Hypokhâgne et khâgne : un soir de concert à Radio France en septembre 2022

Ce soir, les notes se sont envolées. Elles se sont délicatement déchirées des fines lignes des partitions, dans un frottement des cordes de violon.

Je suis certaine de les avoir vu danser, si la simplicité de mon esprit me permettait de comprendre l’intime complexité des maux écrits sous forme d’accords. Je ne pouvais penser, mes sentiments — pourtant bruyants— s’étaient éteints pour écouter les instruments embrasser l’air. Tous ensemble.
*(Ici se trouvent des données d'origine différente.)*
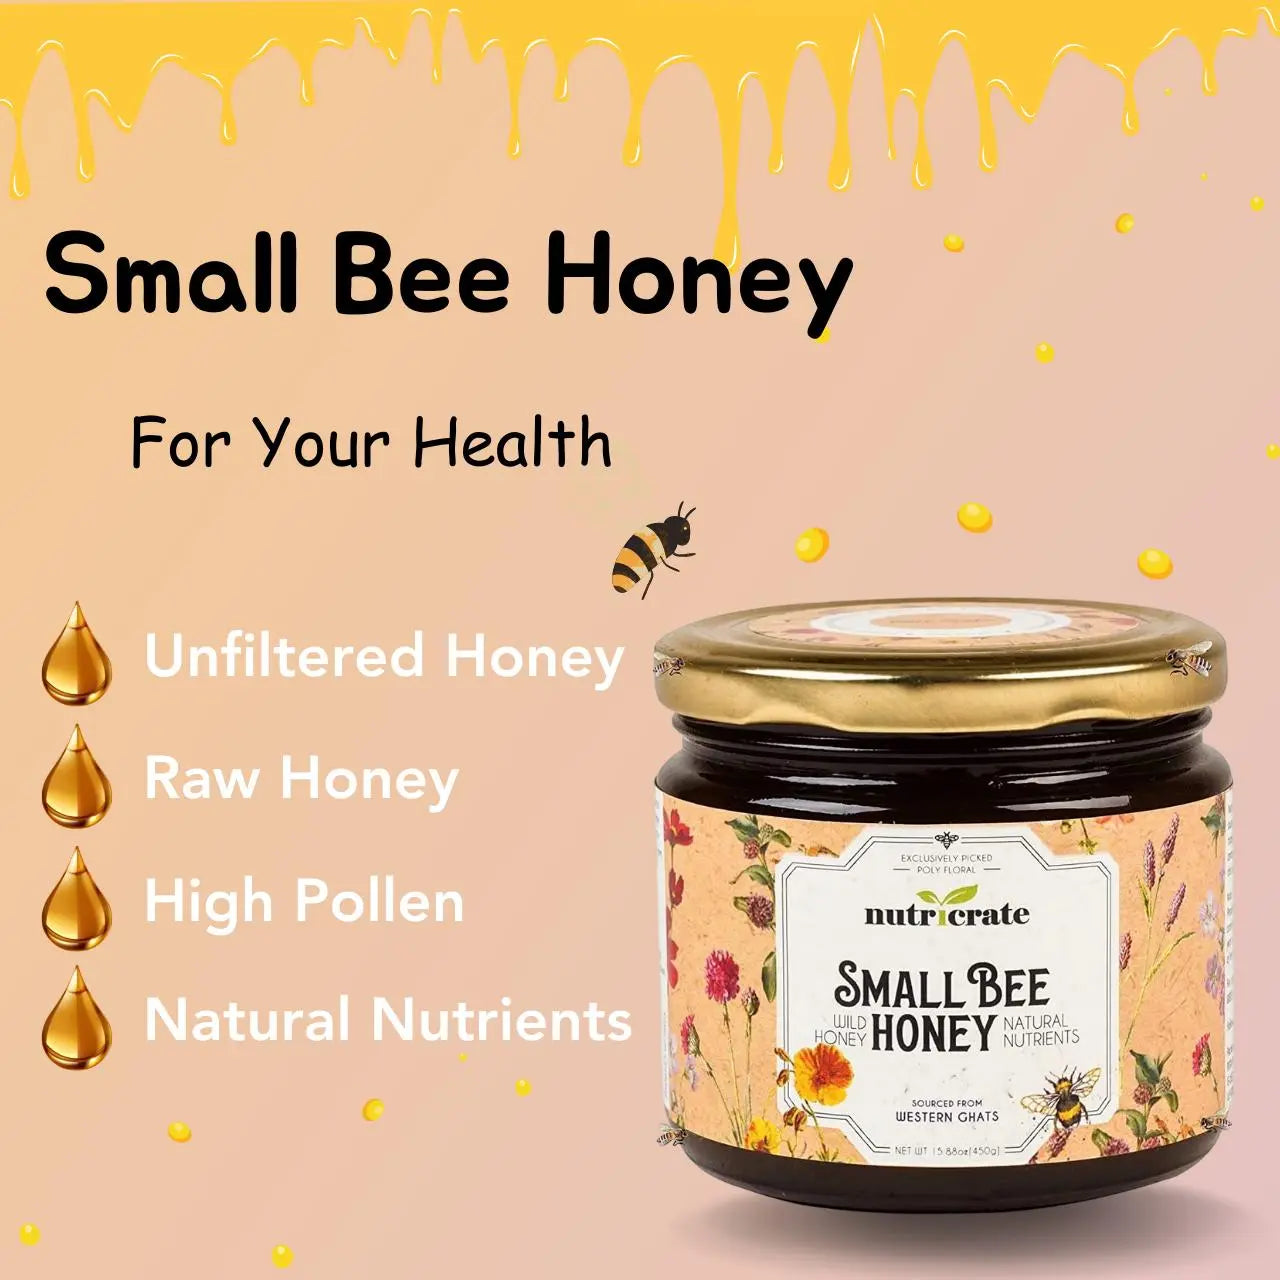 Nutricrate Smallbee Honey 450gm | Pack of 2 
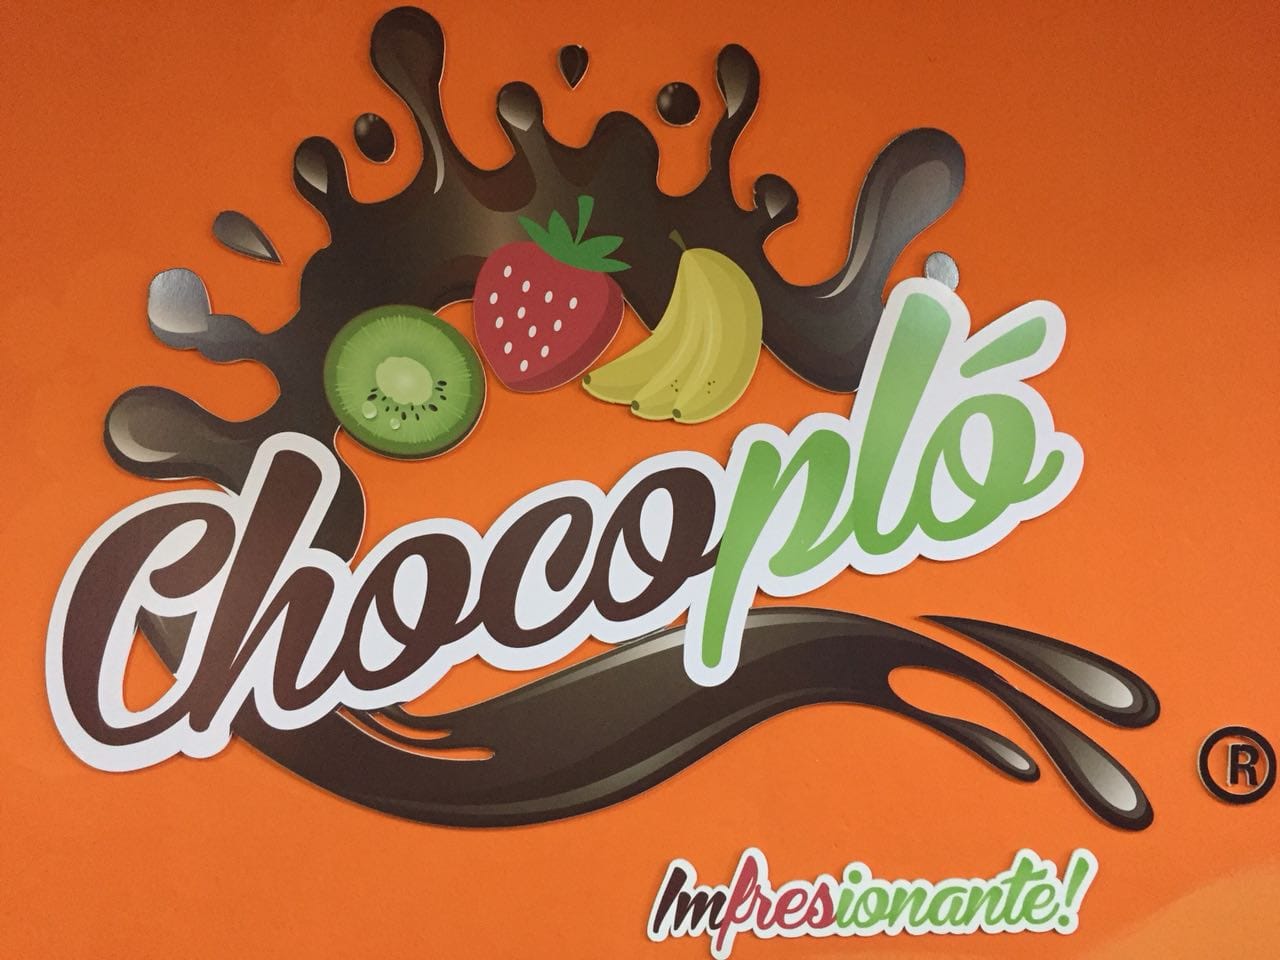 Logo de Chocopló

Cet énorme orchestre s’unissait devant mes yeux ; dirigé par de simples bâtons de bois vernis. Il était impossible pour mon être, lui même dissonant, de se refuser à une telle musique, à ces harmonisations sur la mélodie des violoncelles. 

Je regardais les musiciens attaquer leurs instruments de mouvement plus que gracieux. Produire, ce que mon corps n’arrivait pas à assimiler tellement il frissonnait. J’en tremblais presque. J’ai pourtant enfin compris. La symphonie sonnait encore plus faux que mon esprit. C’était là toute sa beauté, sa force, sa puissance dans l’accord des bruits incessants de l’union des aigus et des graves des instruments.

Et voilà que mon cœur s’affole et s’agite, confond les pleurs et les rires, ne sait plus où donner de la tête, se perd entre les altos et les hautbois. Une vraie cacophonie intérieure. L’orchestre de mes pensées regardait celui qui se jouait devant mes yeux avec tant d’admiration, de jalousie, d’amour et de peine. 

Les notes se sont dispersées dans cette salle circulaire. Elles s’accrochaient à mes doigts et peignaient mes bras de leurs sons ; teintaient mon visage de leurs mots invisibles. J’étais ailleurs, parmi les notes dansantes. Je les voyais s’entrelaçant jusqu’à s’unir face à moi puis ne former plus qu’un.

Rien de plus beau n’avait produit sur mon âme une discordance aussi parfaite. Je n’étais plus que violons, clarinettes et contrebasses. M’évanouissant à la fin du morceau, sur le même papier que j’avais quitté au départ.